An example

In this section, I attempt to create a pattern story, showing how it might look when following some of my advice. Diagrams show both a before and after state. Look at how it defines the problem as an anecdotal conflict and suggests a path towards a solution. It’s not perfect, but hopefully, this provides a concrete alternative to some of the more theoretical work covered thus far.

The pattern is part Specification (from Domain Driven Design[DDD04]) and part Interpreter from the GoF book[GoF94]. The problem faced is strongly inspired by the section ‘Replace Implicit Language with Interpreter’ from chapter 8 of Refactoring to Patterns[RtP04], though the initial problem, the programming language, the specifics and solution are all different, the refactoring journey is quite similar.

CAVEAT: This next part is probably not the best way to explain a pattern, but this story-like flow may be more comprehensible because it contains elements of the pain of the problem and shows the steps.

1. The problem – My API has a lot of data-coupling getter methods.

When your software grows, sometimes it gains some non-complex but large APIs. These are shallow, simple APIs with many methods, each used by only one or two other objects. This usually happens when one subsystem has grown to solve the problems of many other systems and has taken responsibility for them, even though they are not best suited to solve all the problems.

When is such a system not best suited? When the system knows less about the domain of the solution than the caller.

Software in this state tends to have many methods with overlapping names. Many small specific public methods massively outnumber the private implementation. Many of the individual methods of the public API will not be used by more than one external entity. Some methods require otherwise unrelated data to be managed by the module.

Each external entity has a thing they care about, their domain, and the central module provides a specialised port to connect to. In addition, the central object often owns the data, but its primary responsibility is handling requests, not data transformation itself; it lacks domain knowledge.

We’ll consider an application to help budding authors find information on books they have read, or should have read, and help them create good bibliographies and notes.

1.1 My problem

Setup Diagram

My application, Library, was an opaque object with lots of methods. It relied on two other classes, Book and Note. The support classes were trivial data objects.

In class Book
  def GetAuthors(self):
    return self.author

  def GetTitle(self):
    return self.title

  def GetPublicationDate(self):
    return self.date

One method on the main Library object was to fetch the notes for a book, as I thought storing the notes directly with the bibliography information was a bad idea.

In class Library
  def GetNotes(self, book):
    if isinstance(book, Book):  # if a book, turn into book_id
      book = book.reference_id
    return [note
        for note in self.notes
        if note.reference_id == book]

There was a trivial method for getting the list of all the books.

In class Library
  def GetBookList(self):
    return self.books

However, the whole list was quite large, so it was not easy to work with directly. Instead of using that method alone, I wrote new methods to fetch by different criteria.

In class Library
  def GetBooksByAuthor(self, author_name):
    return [book for book in self.books
            if author_name in book.GetAuthors()]

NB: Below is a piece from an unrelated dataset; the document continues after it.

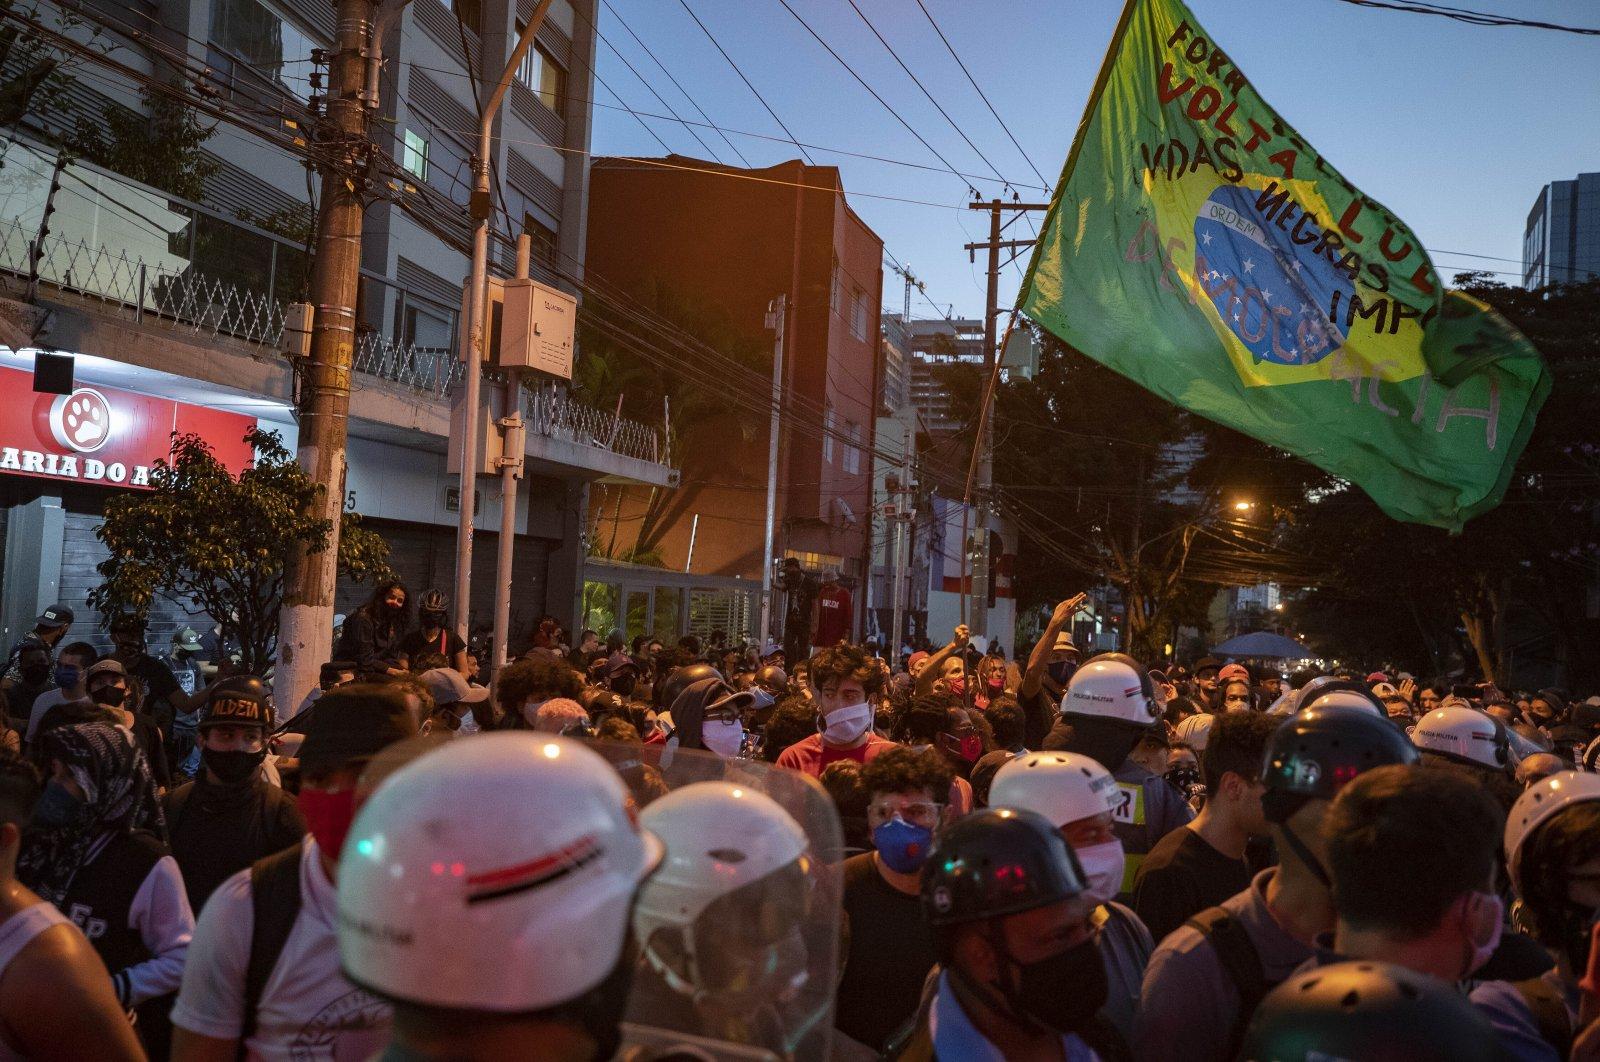 Demonstrators protest against racism and Brazilian president Jair Bolsonaroand in Sao Paulo, Brazil, Sunday, June 7, 2020. (AP Photo/Andre Penner)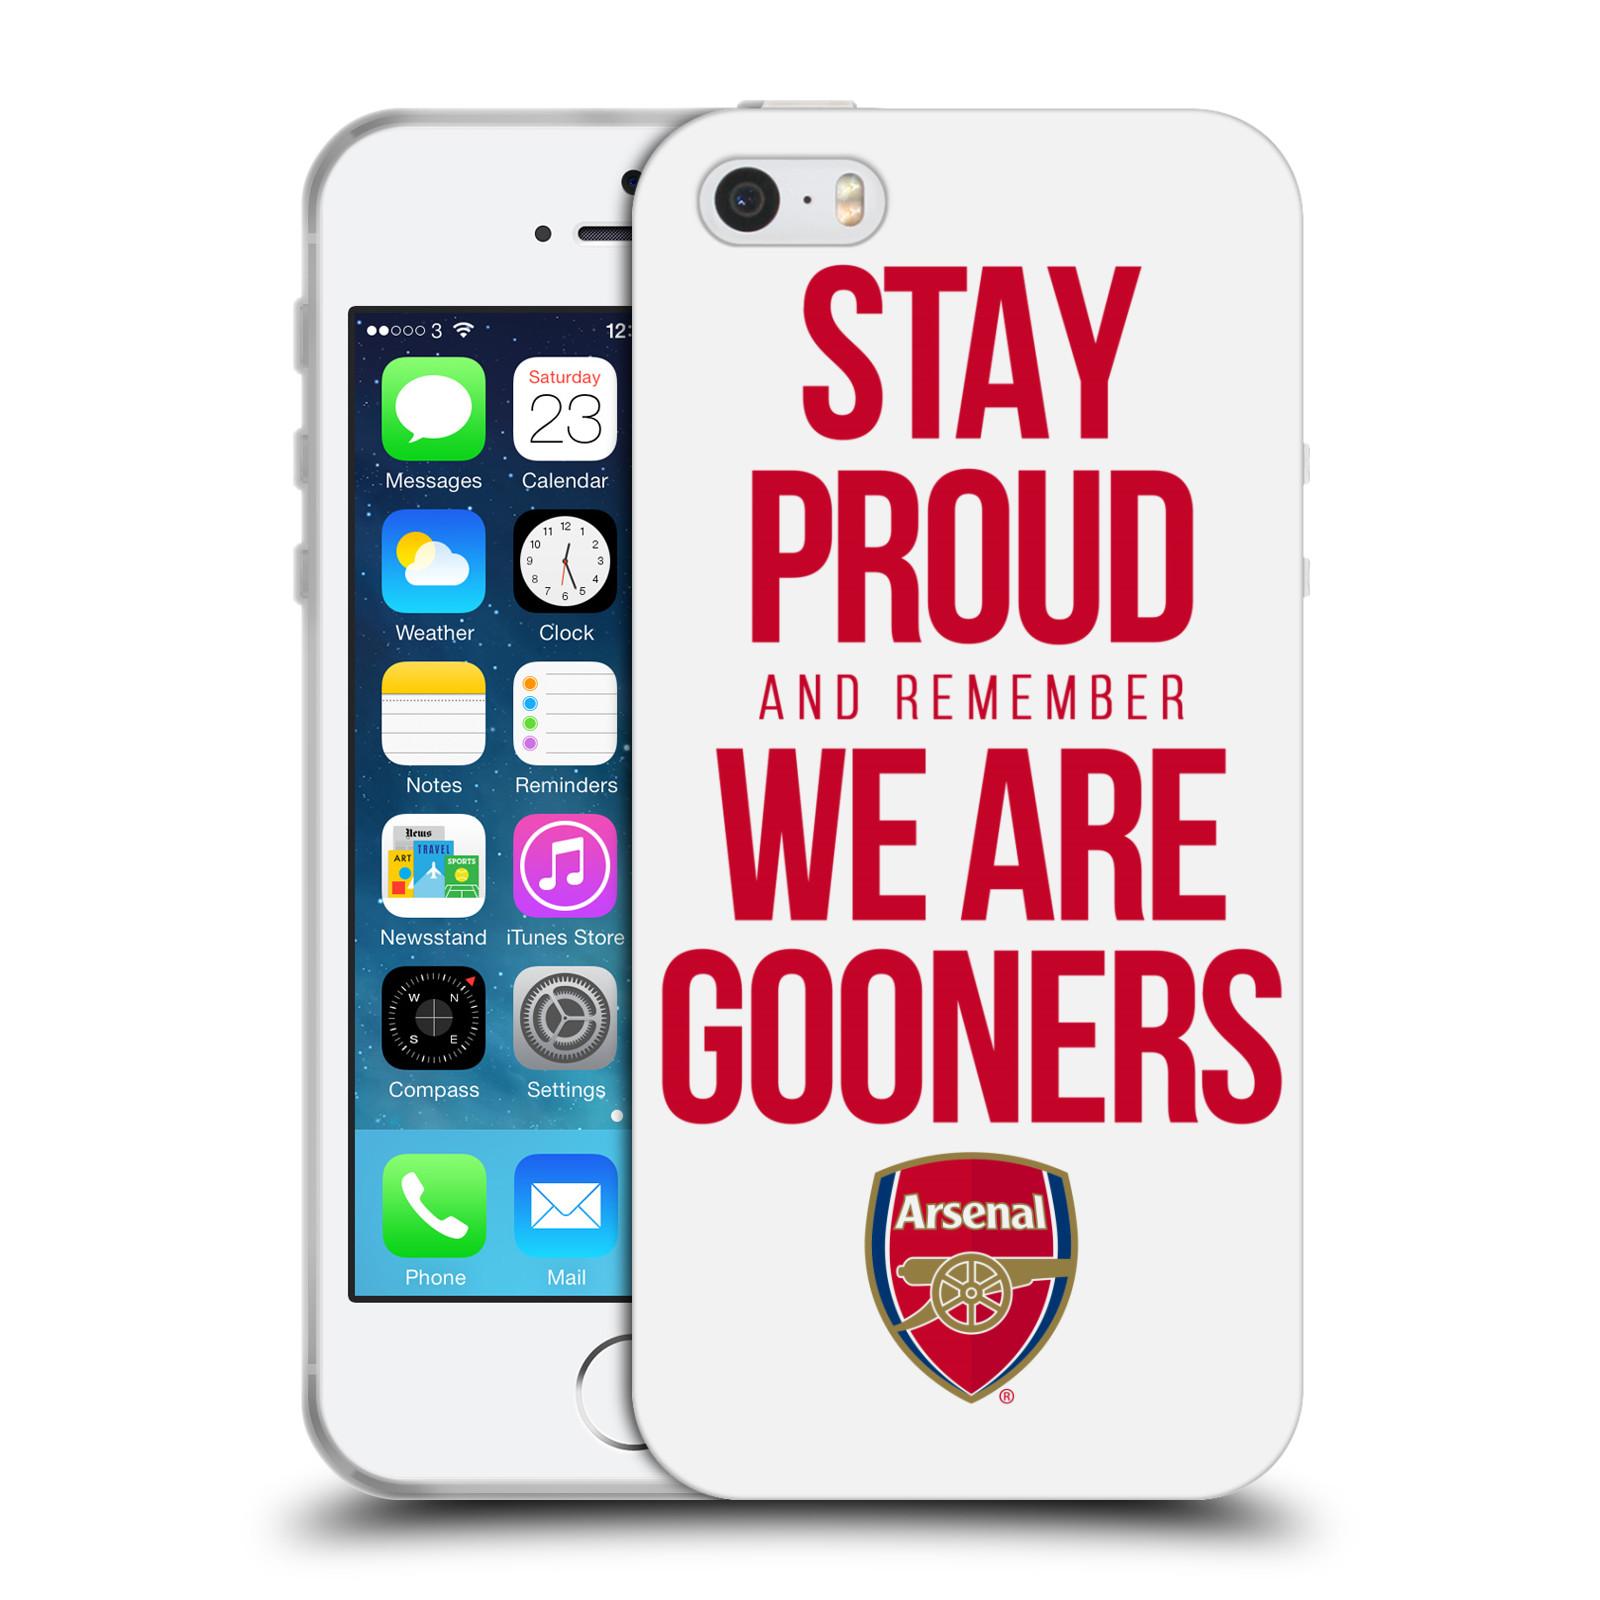 HEAD CASE silikonový obal na mobil Apple Iphone 5 5S Fotbalový klub Arsenal  hrdost bílé empty 7a82eb69598

  def GetBooksInDateRange(self, start_date, end_date):
    return [book for book in self.books
            if start_date <= book.GetPublicationDate() <= end_date]

  def GetBooksMatchingTitle(self, match):
    return [book for book in self.books
            if match in book.GetTitle()]

And when I say the book list was very large, I mean it. Even filtering down this far was not enough in some cases. To help, I added some even more specific fetching functions.

In class Library
  def GetBooksMatchingSubjectWithNotes(self, match):
    return [book for book in self.books
            if match.lower() in book.GetTitle().lower()
            and len(self.GetNotes(book))]

  def GetBooksByAuthorInDateRange(self, author_name, start_date, end_date):
    return [book for book in self.books
            if author_name in book.GetAuthors()
            and start_date < book.GetPublicationDate() < end_date]

  def GetBooksMatchingSubjectButNotByAuthor(self, subject, author_name):
    return [book for book in self.books
            if author_name not in book.GetAuthors()
            and subject.lower() in book.GetTitle().lower()]

  def GetBooksInDecadeSortedByRef(self, decade_start):
    return sorted([book for book in self.books
                   if decade_start <= book.GetPublicationDate()
                   and book.GetPublicationDate() < decade_start + 10],
                  key=lambda x: x.reference_id)

After a while, I realised that some duplicated code had led to some bugs, and adding new functions wasn’t getting easier to get right. I would copy-paste the closest method and make some changes. This is not the cleanest of coding practices and is obviously prone to copy-paste errors.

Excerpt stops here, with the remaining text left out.